Restate, word for word, the run of lines that starts at the line containing "HALIFAX, Nova Scotia, Canada" and ends with the final line of the listing. Leave pictures out.

=== Data to examine ===

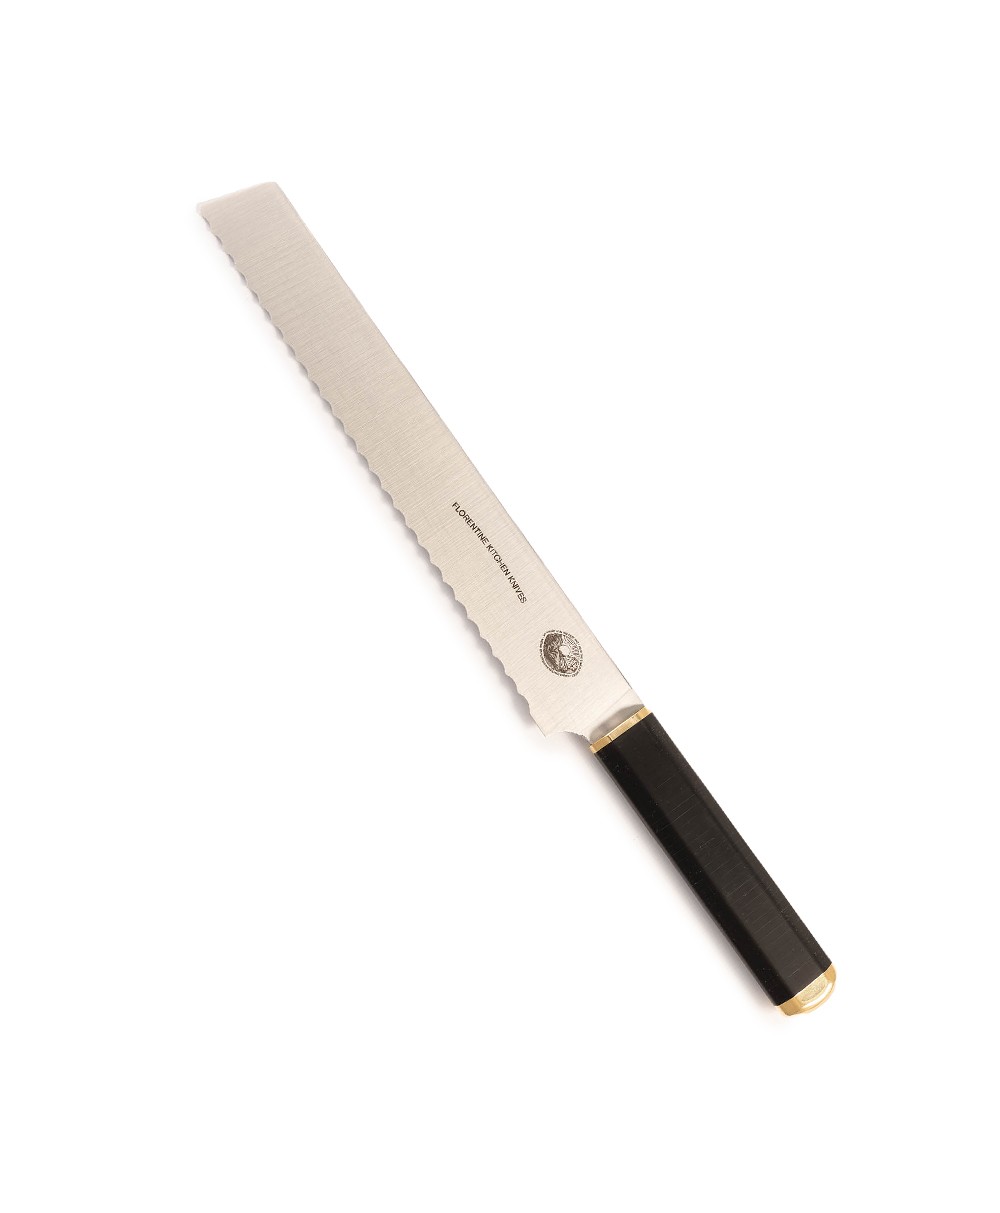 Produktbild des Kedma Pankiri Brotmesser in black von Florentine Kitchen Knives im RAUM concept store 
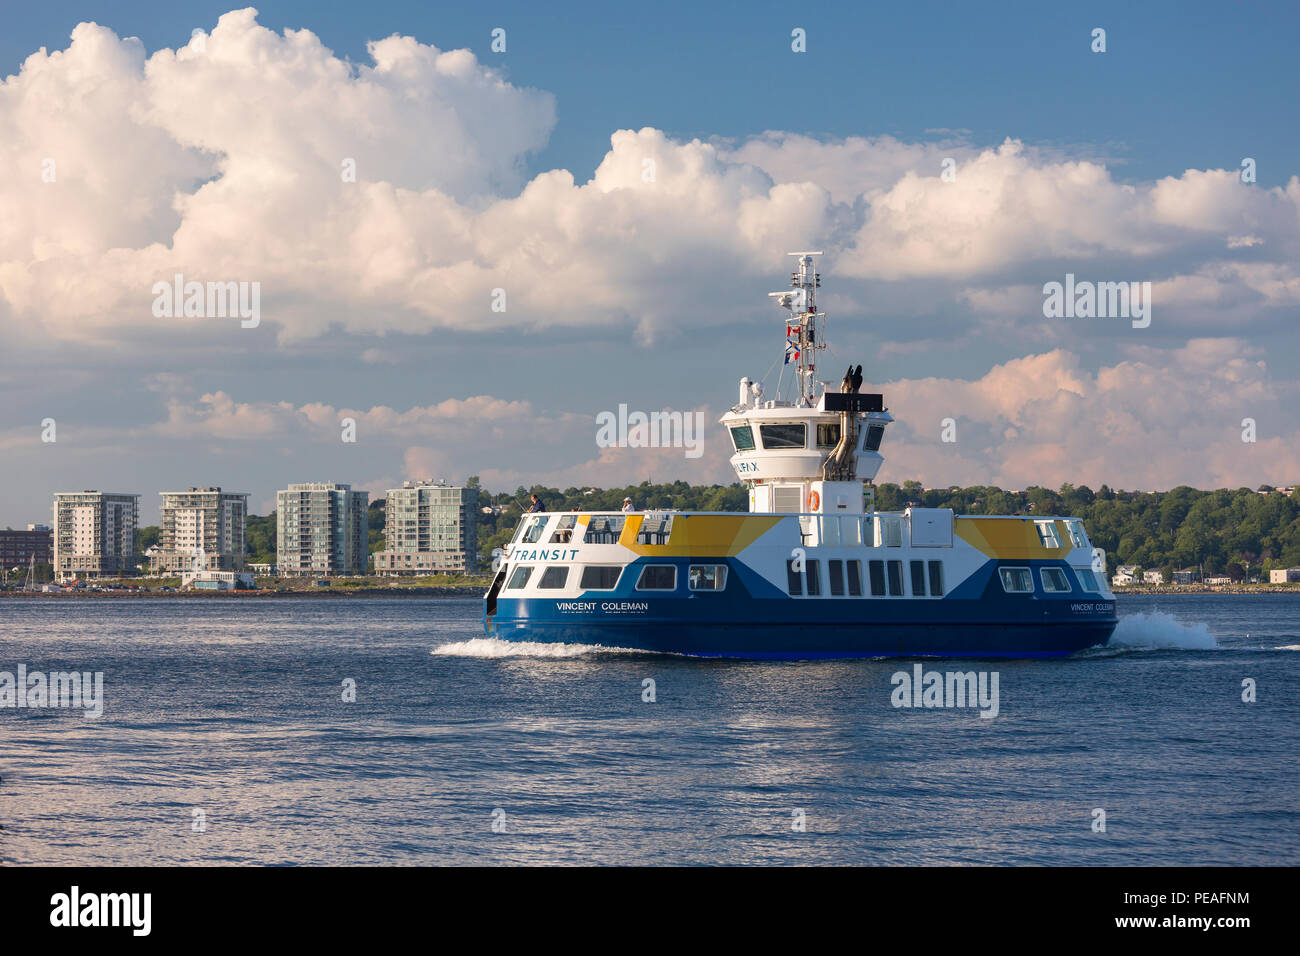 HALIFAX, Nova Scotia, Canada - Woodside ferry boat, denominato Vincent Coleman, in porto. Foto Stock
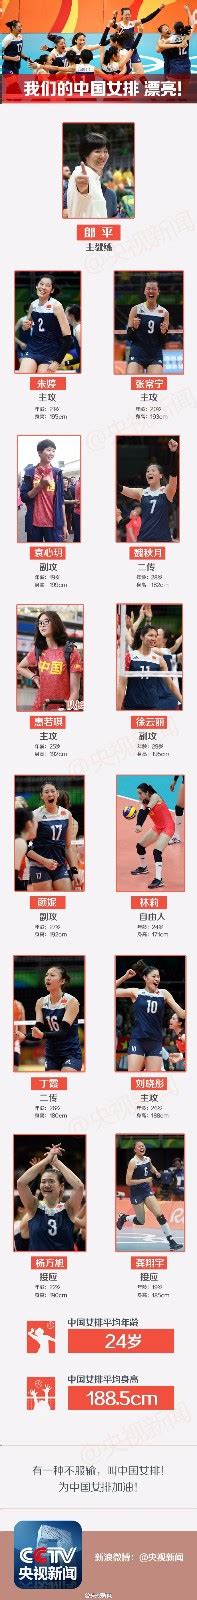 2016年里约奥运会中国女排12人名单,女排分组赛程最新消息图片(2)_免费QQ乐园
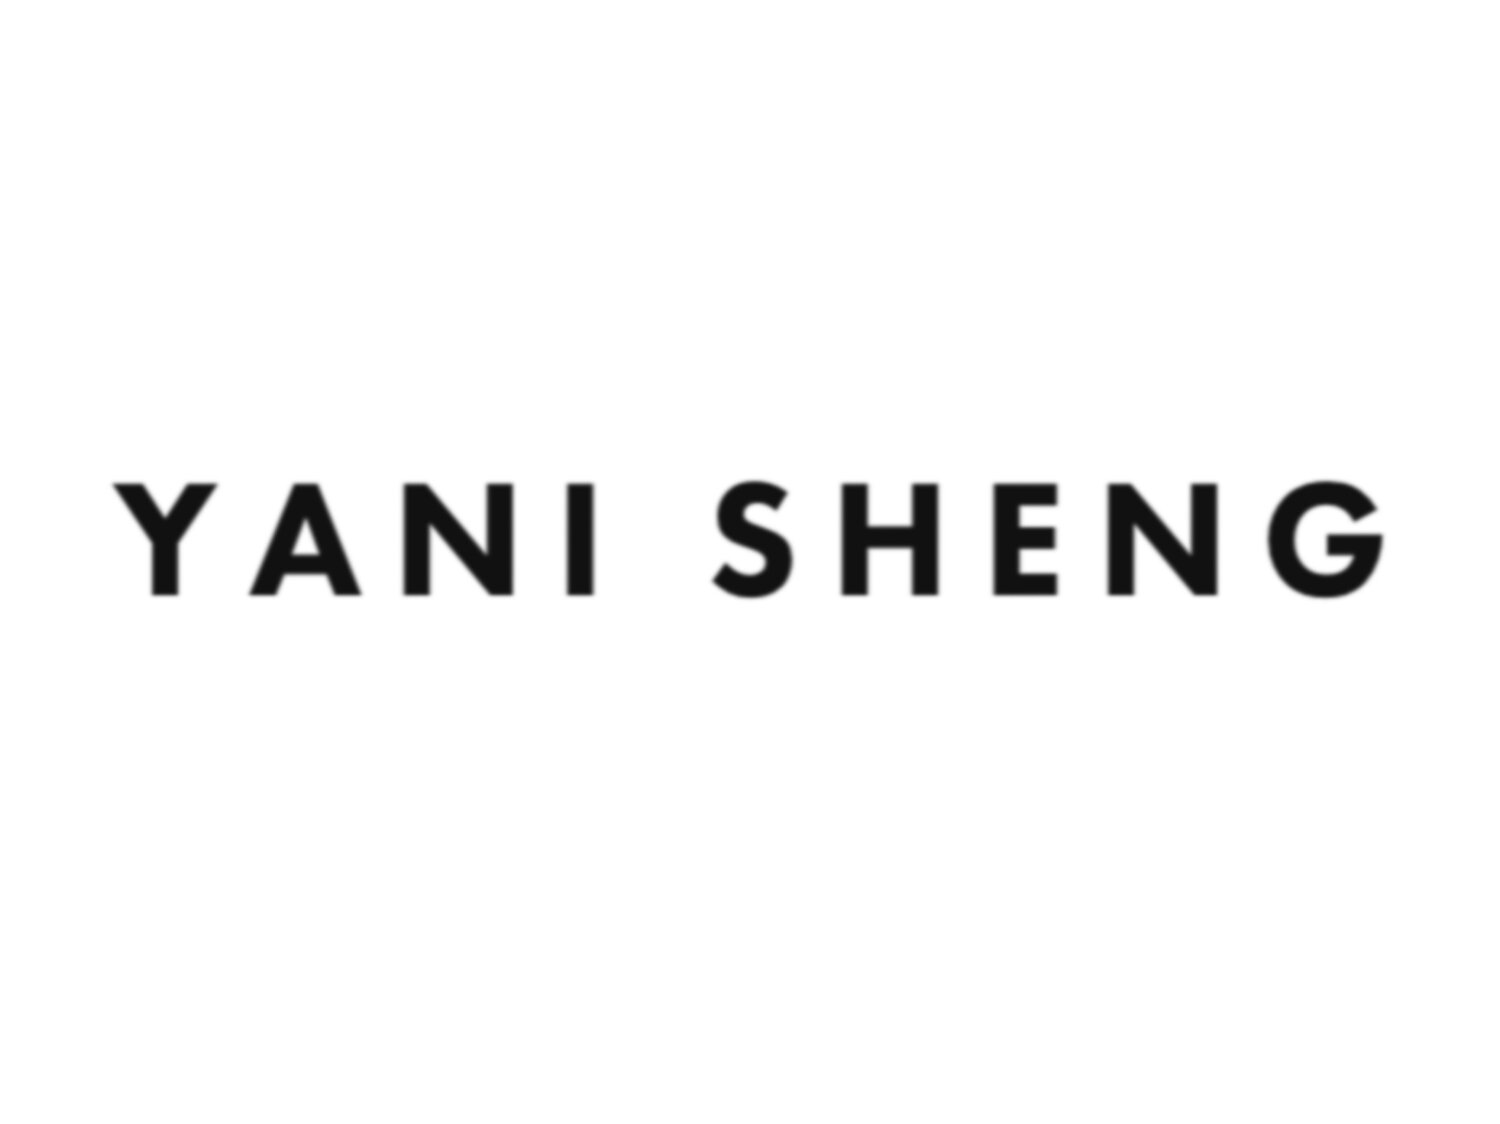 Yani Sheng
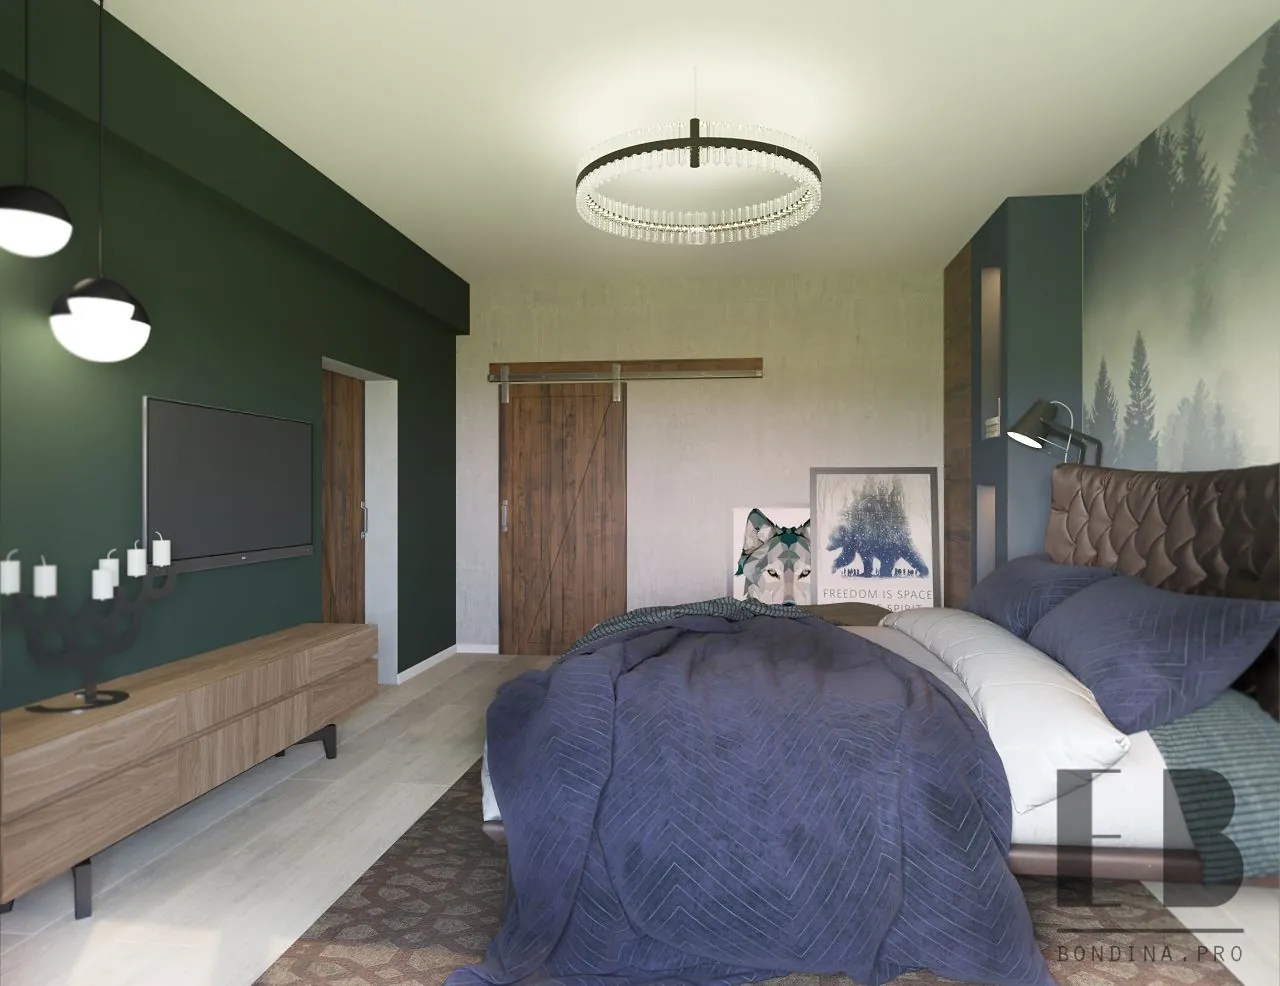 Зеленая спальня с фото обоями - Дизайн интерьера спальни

===

-- Response box --
 HALIFAX, Nova Scotia, Canada - Woodside ferry boat, denominato Vincent Coleman, in porto. Foto Stock
 2016年里约奥运会中国女排12人名单,女排分组赛程最新消息图片(2)_免费QQ乐园
 Yani Sheng
 Зеленая спальня с фото обоями - Дизайн интерьера спальни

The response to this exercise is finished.